In the second part, years later, Charles Darwin is back in Britain, now married and with children, writes his book On The Origin of Species. Its publication causes a huge reaction and leads to a famous debate.

== Cast ==
- Nicholas Clay as Charles Darwin
- Susan Macready as Emma Wedgewood Darwin
- Ian Richardson as Capt. Fitzroy
- Christopher Malcolm as Sullivan
- Robert Flemyng as Prof. Henslow
- Philip Brack as Thomas Huxley
- Michael Malnick as Hooker
- Aubrey Woods as Bishop Wilberforce
- David Davenport as Robert Darwin
- Hugh Morton as Josiah Wedgewood
- Carl Bernard as Moreno
- Richard Ireson as Wickam

== Reception ==
The Monthly Film Bulletin wrote: "The 'adventure' of the title might have been more engrossing if it had been more restricted in scope. Instead, we are offered a treatment of the Complete Man, his Life and Work (with inevitable patchiness and occasional lapses into a distinctively Disney-ish tone) that is scarcely a primer introduction to the theory of evolution or to the particular nature of Darwin's synthesis and revelations on natural selection. But the film is still left with Darwin as a historical force and with the sum of his ideas, lending all scenes of domesticity an air of stagnant mummery that is hardly the actors' fault. ... The extraordinary creatures of the Galapagos do retain their curiosity value, and here, for once, the film pays attention to the actual details of Darwin's work."

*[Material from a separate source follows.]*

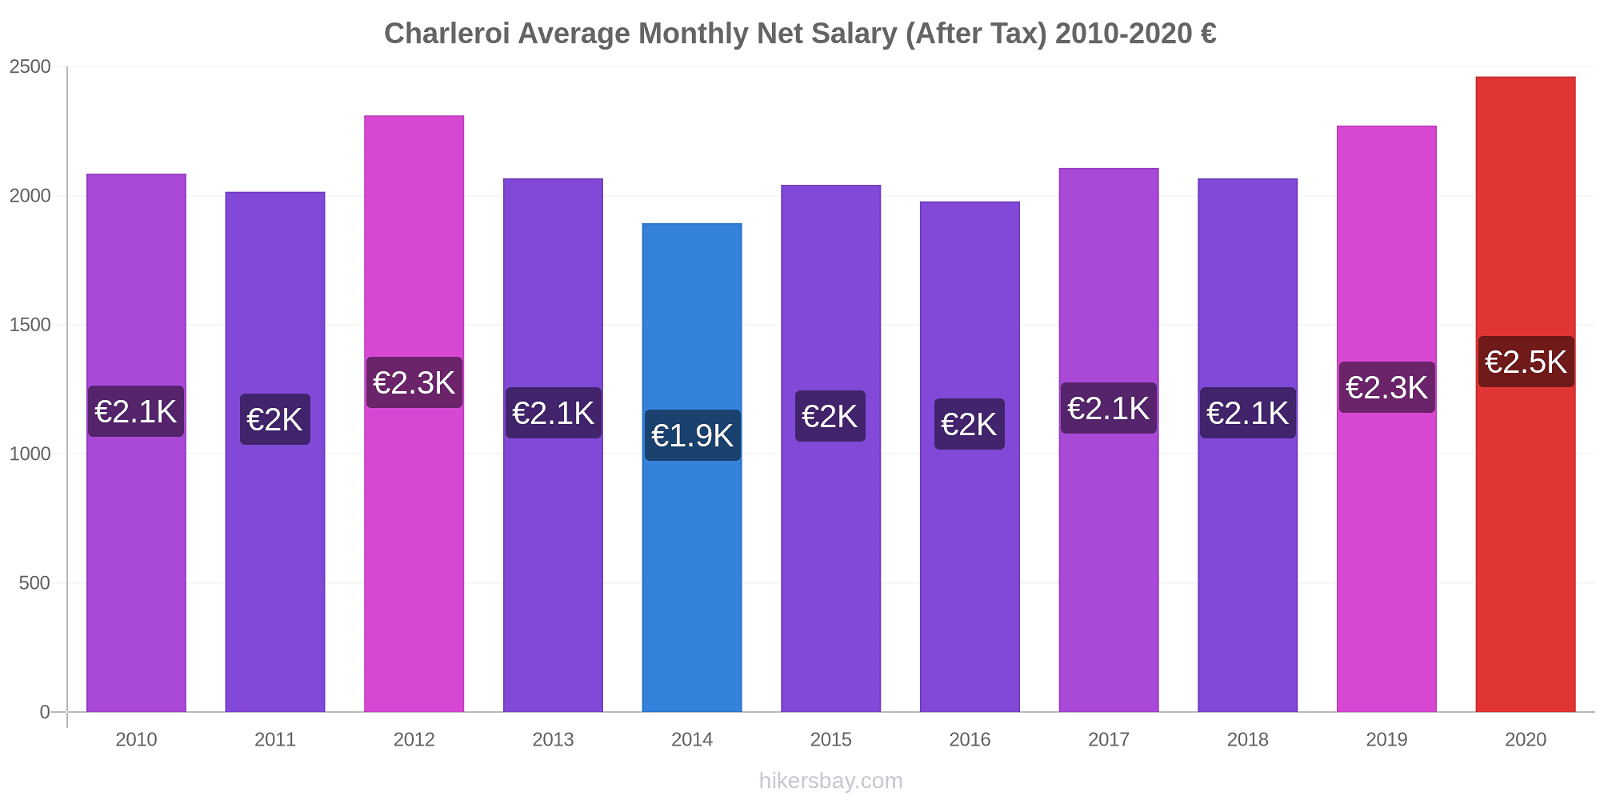 Charleroi price changes Average Monthly Net Salary (After Tax) hikersbay.com

Variety wrote: "Palomar Pictures kickoff film in a release deal with 20th-Fox is The Darwin Adventure, a hokey and puerile survey of Darwin's work and the controversy it sparked a century ago. The filmgoing public's own version of Darwin's natural-selection theory will weed out this inferior species. ... With very few historical exceptions, there seems to be no way for scripters and pedantry."

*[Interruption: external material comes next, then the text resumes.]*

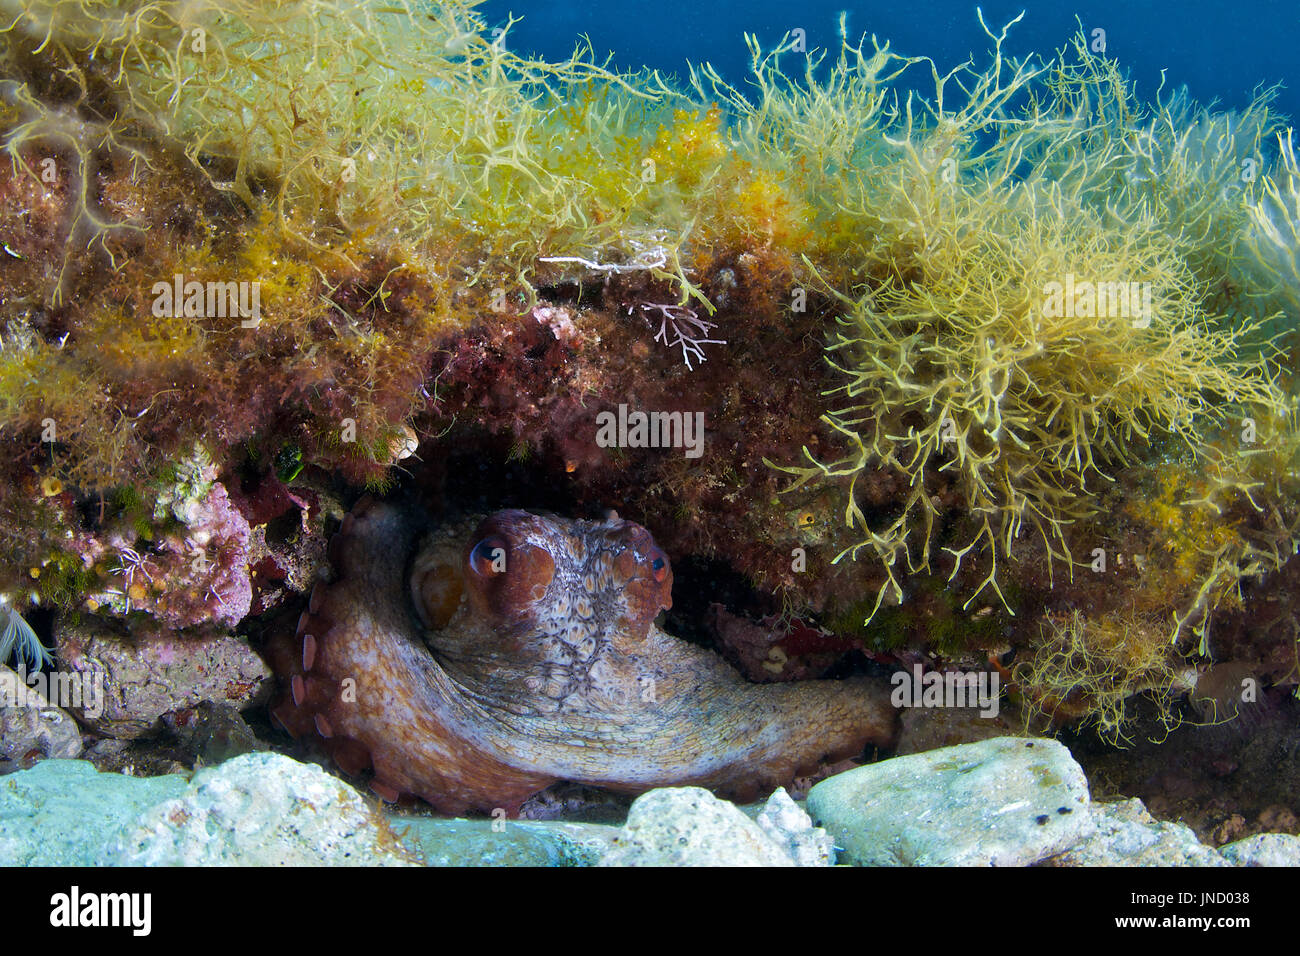 A common octopus (Octopus vulgaris) sheltered in a small cave in Ses Salines Natural Park (Formentera, Mediterranean sea, Balearic Islands, Spain) Stock Photo

Leslie Halliwell wrote "Rather naive biopic of Darwin which tries to cover too much with too slender resources but makes a pleasant introduction to the subject."

In The Radio Times Guide to Films Adrian Turner gave the film 2/5 stars, writing: "In a subject far more suited to the television drama or mini-series, this is a sketchy effort that convinces us of Darwin's importance but turns his romantic life into a soap opera."